The Next Mainstream Programming Language: A Game Developer’s Perspective - pufuwozu
http://www.st.cs.uni-saarland.de/edu/seminare/2005/advanced-fp/docs/sweeny.pdf

======
tel
_Purely Functional is the right default

Imperative constructs are vital features that must be exposed through explicit
effects-typing constructs_

This is precisely the argument Haskellers make every time someone complains
about algorithms that are difficult to formulate functionally.

------
azharcs
For those of you, who don't know, Who Tim Sweeney is?

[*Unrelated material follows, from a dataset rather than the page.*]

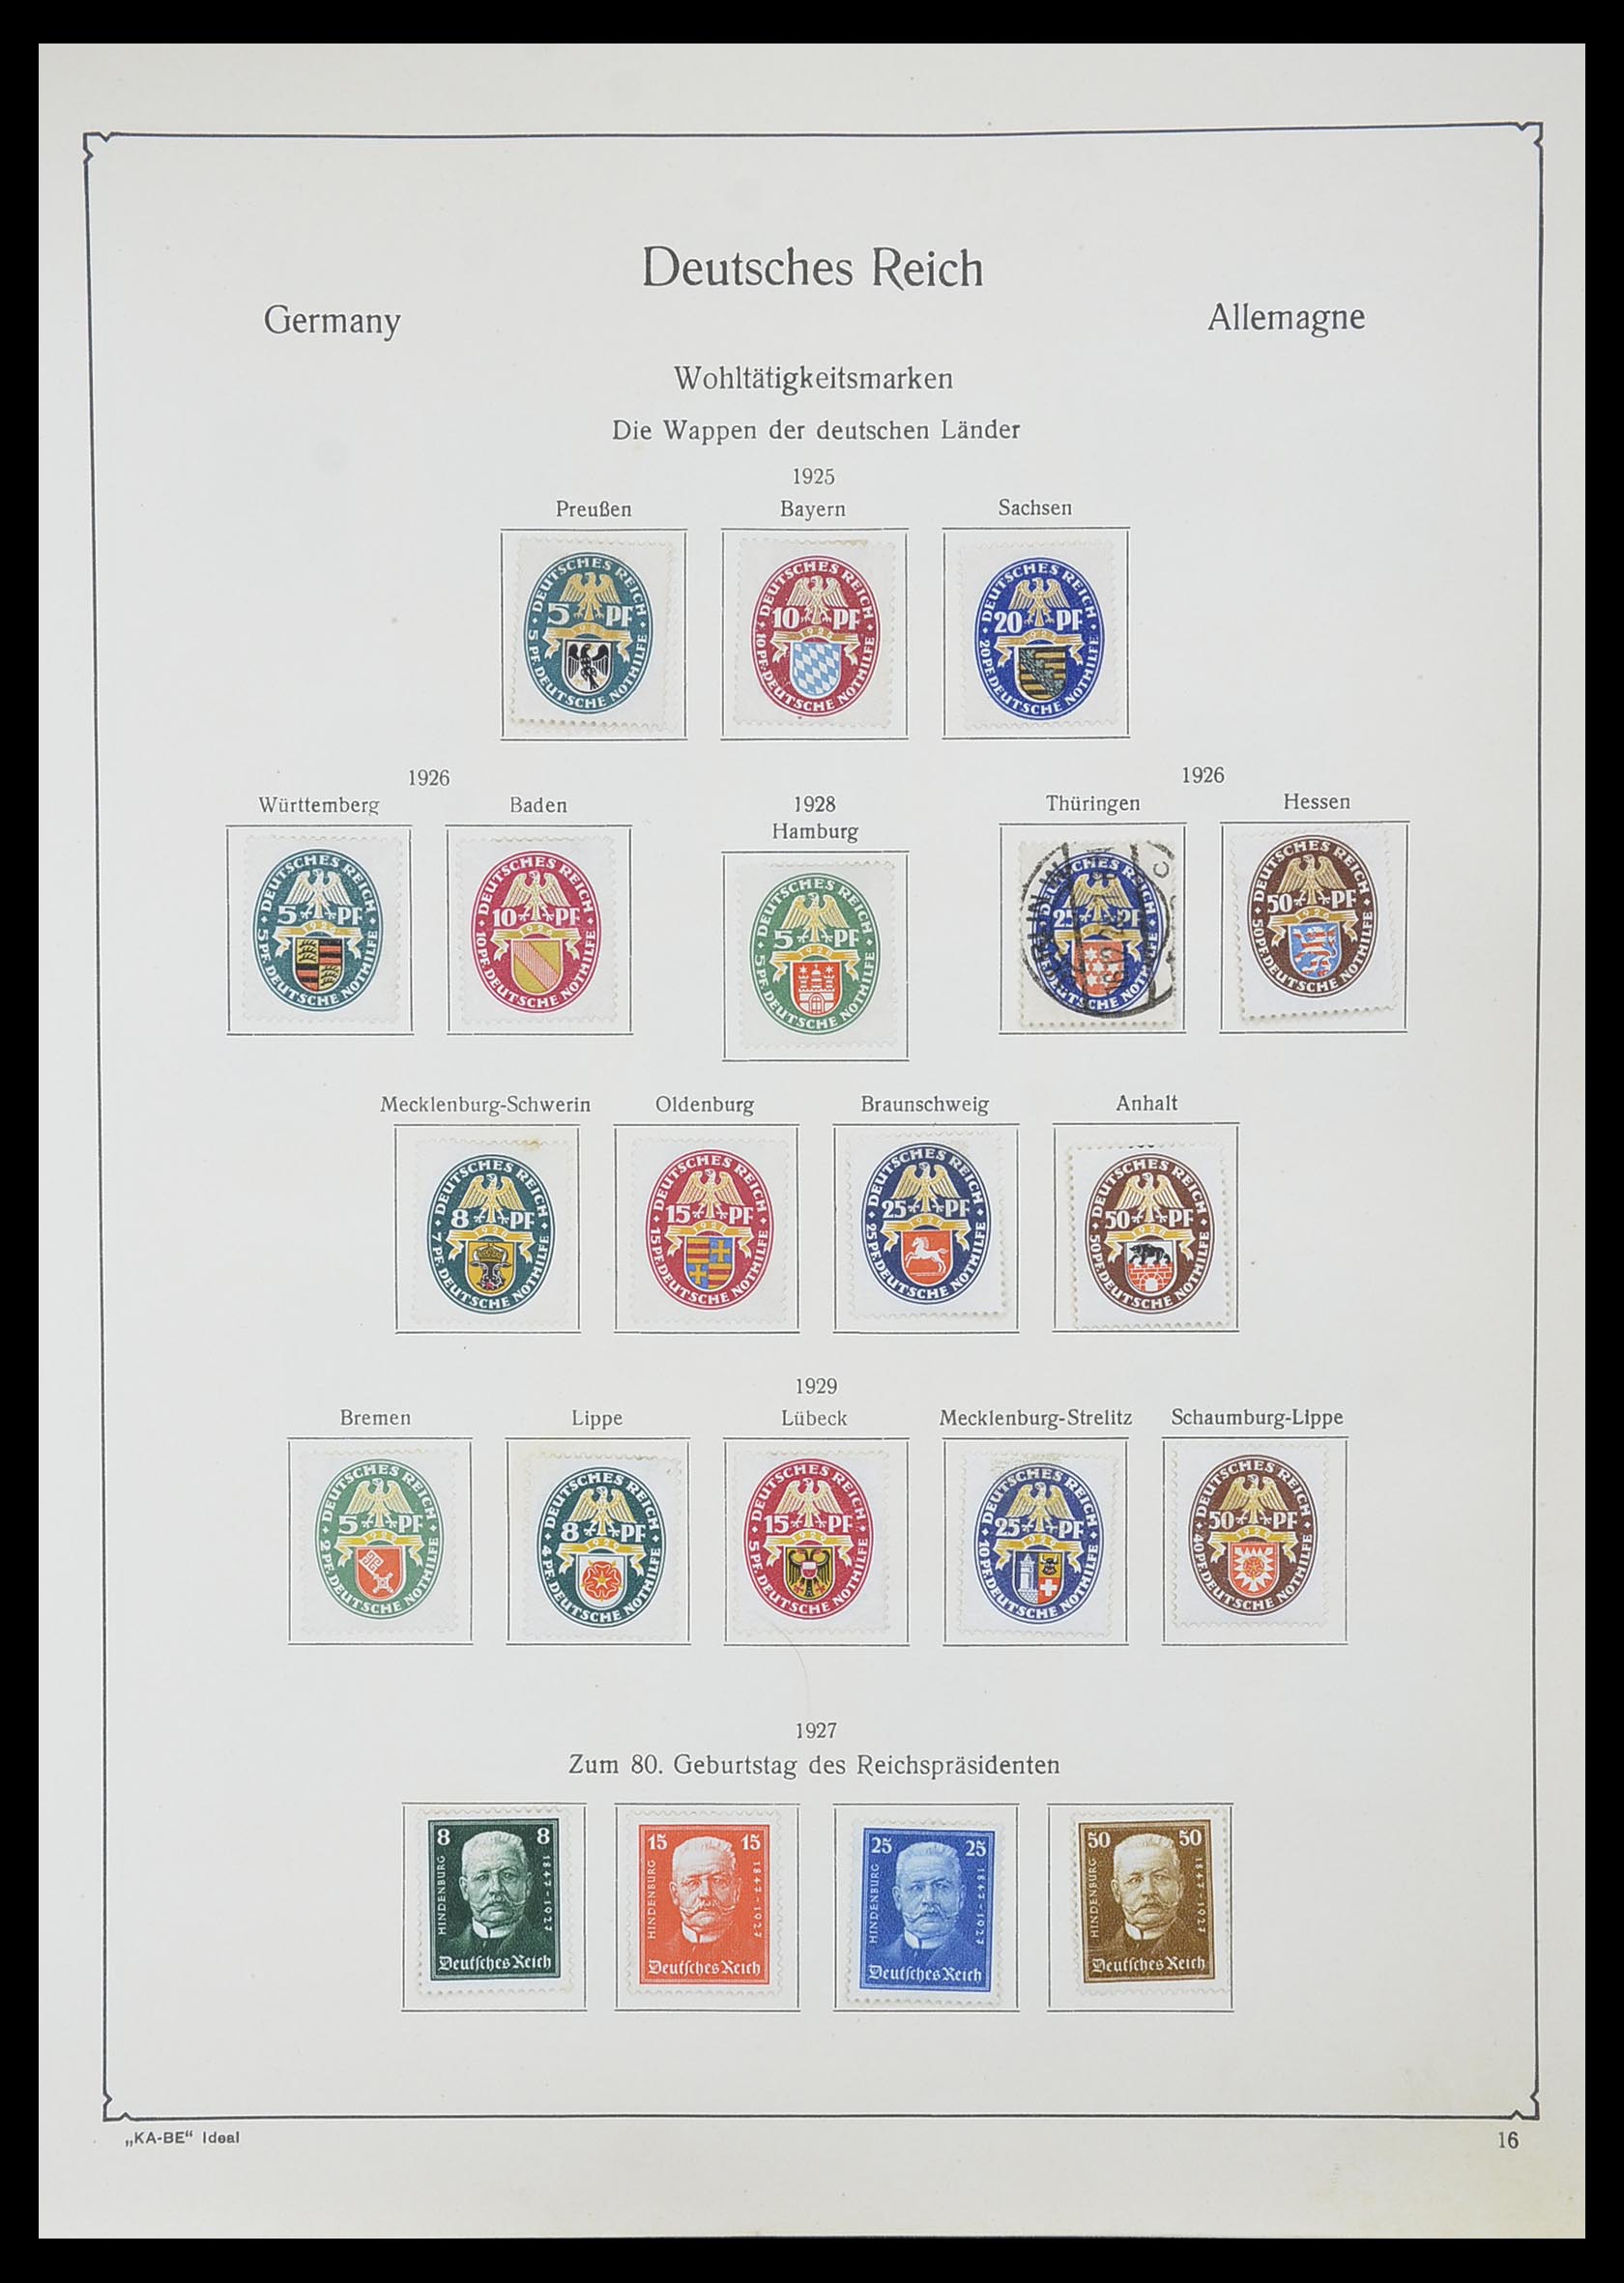 33359 021 - Stamp collection 33359 German Reich 1872-1945.

Tim Sweeney is the founder of Epic Games and the person behind very famous
Unreal game engines. John Carmack,Tim Sweeney have been some of my heroes from
gaming world.

[http://en.wikipedia.org/wiki/Tim_Sweeney_%28game_developer%2...](http://en.wikipedia.org/wiki/Tim_Sweeney_%28game_developer%29)

------
jefffoster
There's some further discussion of this over at LtU (<http://lambda-the-
ultimate.org/node/1277>)

------
tomstuart
More relevant now than ever, but note that these slides are ~4 years old.

------
sundarurfriend
Those requests for the ability to have range limited data types reminds me
strongly of Ada.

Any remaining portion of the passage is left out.